During the quarter, the company sold four hotels. The company took a $760,000 impairment charge on two hotels, which was partially offset by a $67,000 recapture of previously recorded impairment related to the gain on the sale of two hotels.

Through the end of the third quarter, the company has sold six hotels for approximately $12 million with a net gain of $1.2 million. The sale of the six hotels generated approximately $5.4 million of net cash after direct debt repayments. Approximately $2.4 million of the $5.4 million was used to pay down additional GE Capital debt with the remainder applied to the company’s revolving line of credit.

Properties sold in the 2009 third quarter were:

 

Masters Inn, 116 rooms, Kissimmee, Fla., $1.6 million

 

Masters Inn, 120 rooms, Orlando, Fla., $3.6 million

 

Comfort Inn, 63 rooms, Ellsworth, Maine, $2.2 million

 

Super 8, 35 rooms, Anamosa, Iowa, $0.85 million.

 


Following the end of the 2009 third quarter, the company sold two additional properties:

 

Comfort Inn, 59 rooms, Dahlgren, Va., $3.5 million

 

Masters Inn, 187 rooms, Kissimmee, Fla., $1.7 million

In October the company classified an additional three properties as held for sale.

“We currently have four hotels listed as held for sale,” Walters said. “We continue to evaluate our portfolio and periodically will sell, upgrade or reflag certain assets to improve the strength and returns of our portfolio. We have received solid valuations for our properties, despite poor current market conditions. We have benefited from the fact that these assets are priced at levels under $10 million, asset levels for which attractive financing may still be obtained from local or regional banks. We are not selling at ‘fire sale’ prices. Our focus has been, and will continue to be, on selling some of our older properties to reduce the average age of our portfolio and to retain those assets that we believe will provide the highest possible return on a risk-adjusted basis over a sustained period.”

Balance Sheet

The company continues to take positive steps to strengthen its balance sheet through paying down debt and refinancing or extending debt with pending maturities. Year to date, the company has paid down or refinanced $24.9 million of debt.
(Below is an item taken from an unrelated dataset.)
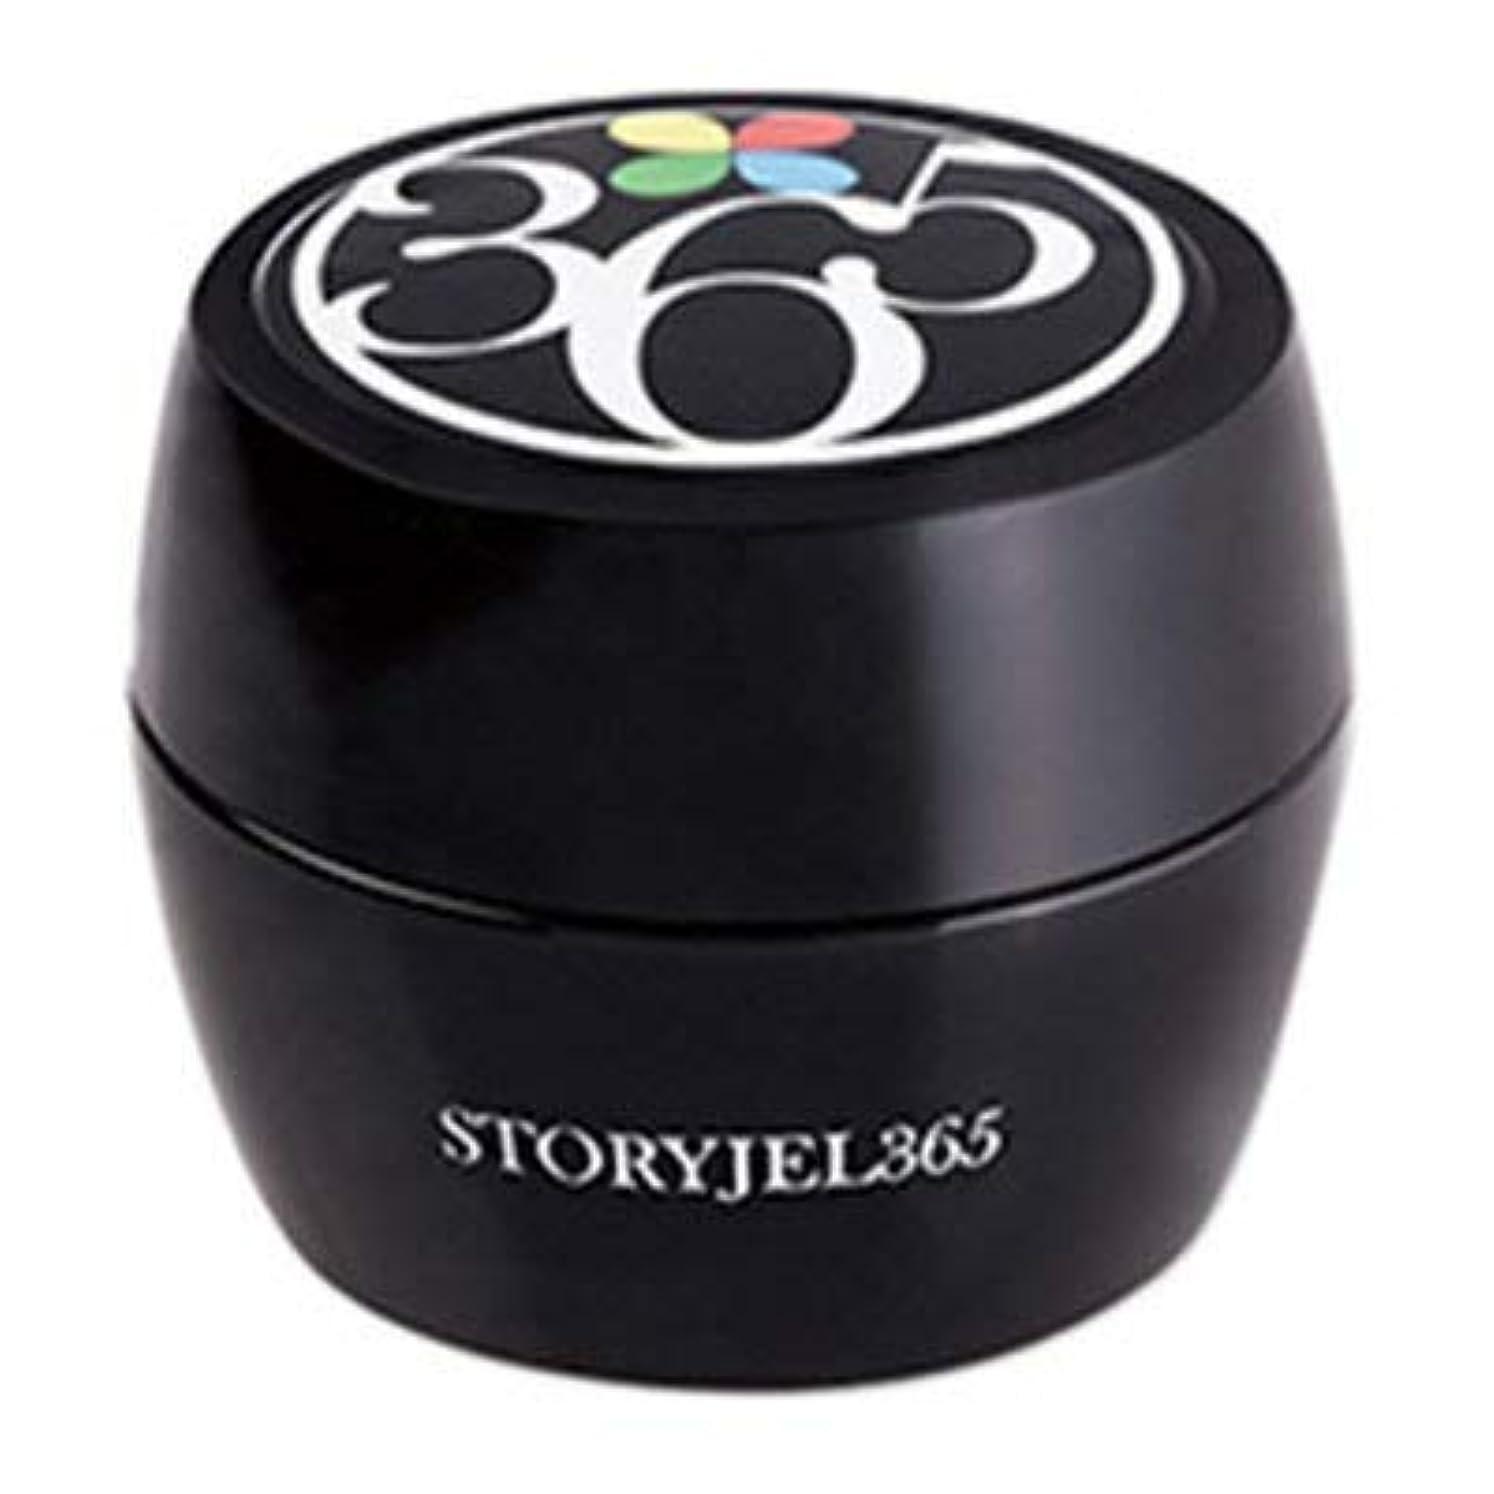 寓話持ってる餌STORYJEL365 スカルプティングソフトジェル 15g (ストーリージェル) SJW-SCULPTING01

“On September 28, 2009, our Wells Fargo Bank credit facility of $9.0 million maturing on the same date was extended to November 12, 2009,” Walters said. “We are negotiating with Wells Fargo to extend the maturity another six months.

“The loan-to-value ratio on this near-term obligation is conservative, even in the context of today’s market,” he added “While the credit markets remain very tight and lenders remain very cautious, we believe that we will successfully procure attractive intermediate-term

 


replacement debt prior to the new extended maturity. Once we complete this last near-term debt refinancing, we will not have another major debt maturity until 2011.”

Dividend

The company did not declare a common stock dividend for the 2009 third quarter. The company will monitor requirements to maintain its REIT status and will regularly evaluate the dividend policy.

Outlook

“It remains a difficult economy and travel levels continue to be down meaningfully from the prior year,” Walters said. “Preliminary results for October continue to show a slight slowing of the downward arc in RevPAR. However, it is too early and not significant enough to call it a reversal. Nonetheless, the signs provide us with some optimism.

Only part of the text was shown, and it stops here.